Wednesday, August 6, 2008

Let Koran's message of mercy prevail

Written by Sydney A. Perry, executive director of the Jewish Federation of Greater New Haven, 360 Amity Road, Woodbridge 06525. E-mail: sperry@jewishnewhaven.org. Published in The New Haven Register, August 5, 2008.




At 3:45 in the afternoon of July 16, I was driving on Whalley Avenue when I heard on the radio that the coffins of Sgt. Maj. Ehud Goldwasser and 1st Sgt. Maj. Eldad Regev arrived at Rosh Hanikra on Israel's northern border. After two years, their parents, Goldwasser's young bride and the nation of Israel knew for certain that these soldiers, taken captive after an ambush by Hezbollah in which eight other soldiers lost their lives, were dead.

The next day, they were laid to rest in their homeland. All Israel mourned.

In Lebanon, the nation rejoiced.

As I passed the Holocaust Memorial on one side and the old cemetery of B'nai Jacob on the other, I reflected on the cruel psychological torment Hezbollah sadistically inflicted on the families of the two soldiers. Until the last moment, they refused to reveal whether the men were alive or dead. I imagined what the pain of this was for a family as I drove past the graves of my grandparents and my uncle, Lt. Sidney A. Wolfe, for whom I was named.

When my uncle, a handsome 25-year-old Air Force pilot known only to me by his pictures and my mother's fond memories, was shot down over Germany in 1943, he was reported missing in action, presumed dead. My grandparents were devastated - my grandfather was literally dying of what the Romantics called a broken heart; my grandmother sobbed into her pillow late into the night.

According to family lore, my birth and the comfort of naming me for him returned my grandparents to life, but they still maintained hope against hope that perhaps their son had survived. Only when I was 6 years old did they have final closure, when his body was found in a shallow grave and returned to the States and buried with military honors.

I could empathize with the pain of long sleepless nights, torn between despair and hope; the tireless crusade of Karnit, Goldwasser's wife, for some trace of information about the abducted soldiers.

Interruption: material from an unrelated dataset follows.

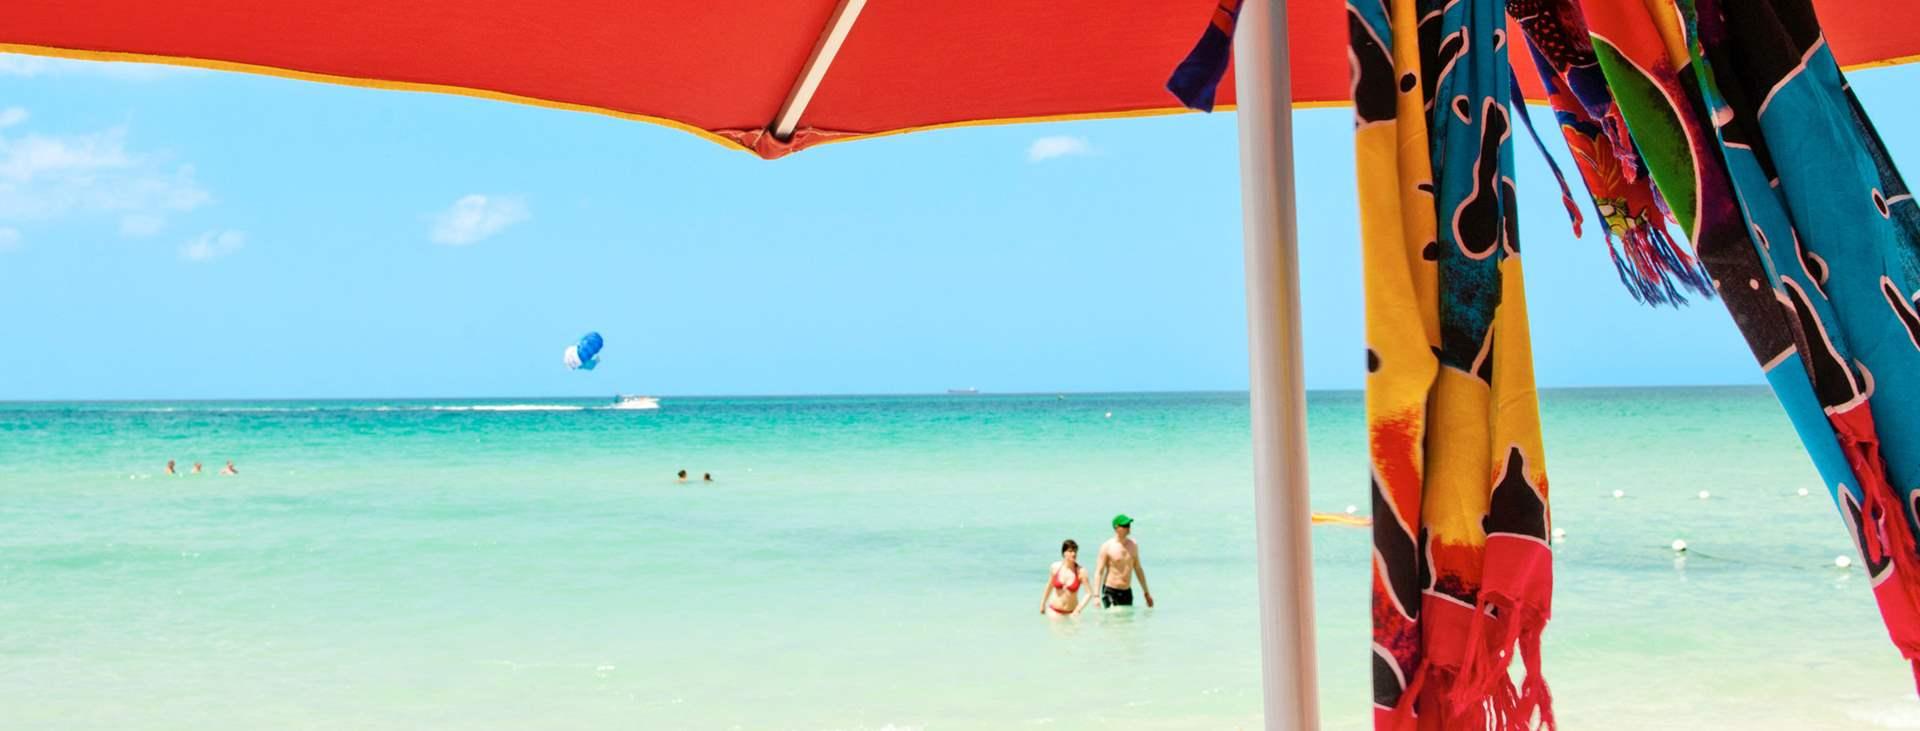 Unelma Karibiasta - Varaa matka Jamaikalle
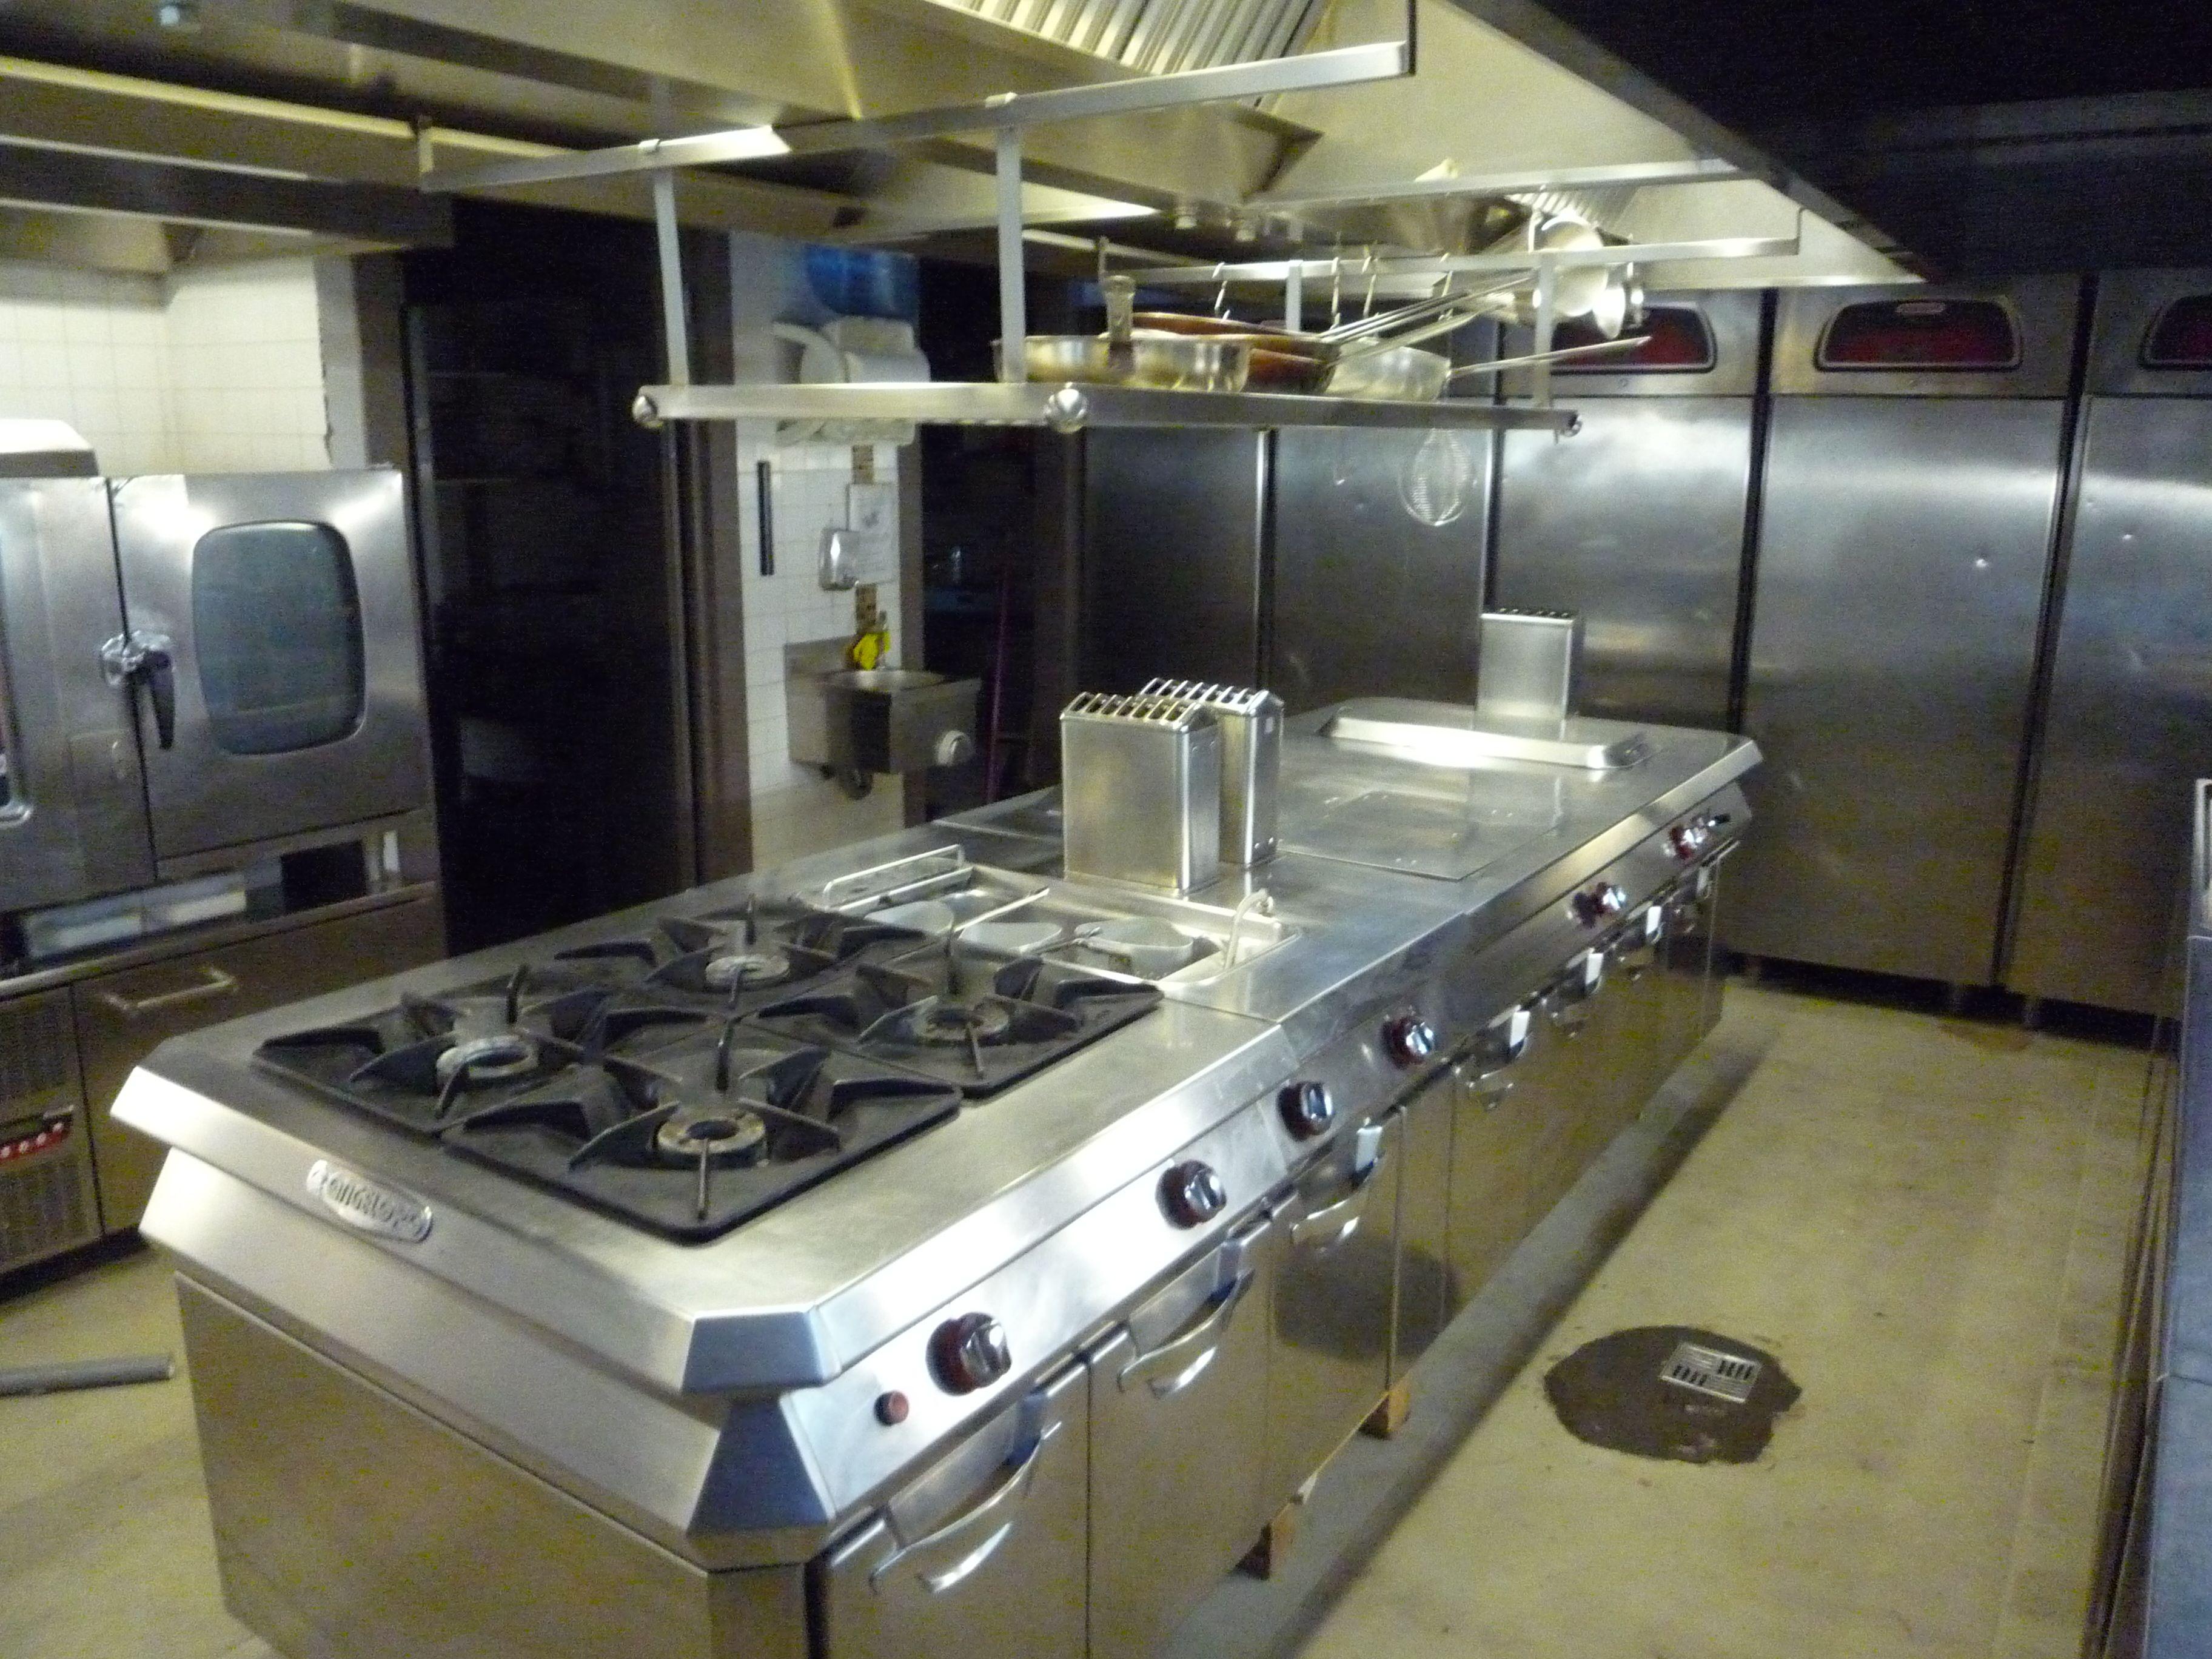 Cucine A Gas Per Ristoranti Usate.Pin Su N U O V O M A U S A T O Shop

In order to gain the release of these young men, Israel released one of the most evil and abominable killers, Samir Kuntar, and four other militants along with the bodies of 199 terrorists who were killed fighting Israel over the past three decades. The 2007 Lebanon War began with the raid in which Goldwasser and Regev were captured. Hezbollah has said it carried out the ambush in order to gain Kuntar's release.

Kuntar is a hero in the eyes of Hezbollah, and while the Israelis wept, Kuntar was hailed by tens of thousands of Hezbollah supporters and revered as an almost mythical figure by Lebanese leaders. To the roaring crowds, Kuntar exclaimed, "I promise my people and dear ones in Palestine that I and my comrades in the valiant Islamic resistance will return."
The celebratory welcome prompted Ofer Regev, Eldad's brother, to say: "Our enemy has been exposed as the complete opposite of us, a cruel mirror image of everything that is human and acceptable."

Who is Kuntar? Einat Haran was 4 years old on April 21, 1979, when the 16-year-old Kuntar headed a PLO terrorist unit and arrived in a dinghy from Lebanon on the shores of Nahariya. Entering the home of the Haran family, he took hostage Danny, the father of the family, and Einat while Smadar, Danny's wife, and their 2-year-old daughter Yael and a neighbor hid in a crawl space. Kuntar laid Einat's head on a small rock and killed her by smashing her skull with the butt of a rifle. In front of her lay the bleeding body of her father, shot by Kuntar, who made certain the murder would be the last thing Einat would see. Smadar tried to stifle the cries of her terrified baby and accidentally smothered the toddler she held close to her chest.

What possible outcome for the prisoner exchange of terrorists for coffins? All who value human life and human dignity can insist that Hamas return Cpl. Gilad Shalit, who was kidnapped from Israel more than two years ago and taken into Gaza, where he is held hostage.

Let the Koran's message of kindness and mercy prevail. Let us unite in trying for a different outcome for Shalit so that he can return alive to his family and his home. Let the mirror that reflected the distorted image of Kuntar's legacy be wiped clean and the photos of Shalit's release portray only tears of joy.

1 comment:

KGS said...

Unfortunately Primerprez... the Koran's message of "kindness and mercy" extends only to those within the house of Islam, all others, especially opastates and snon-religious Muslims are to hated as much (or more)as the infidel.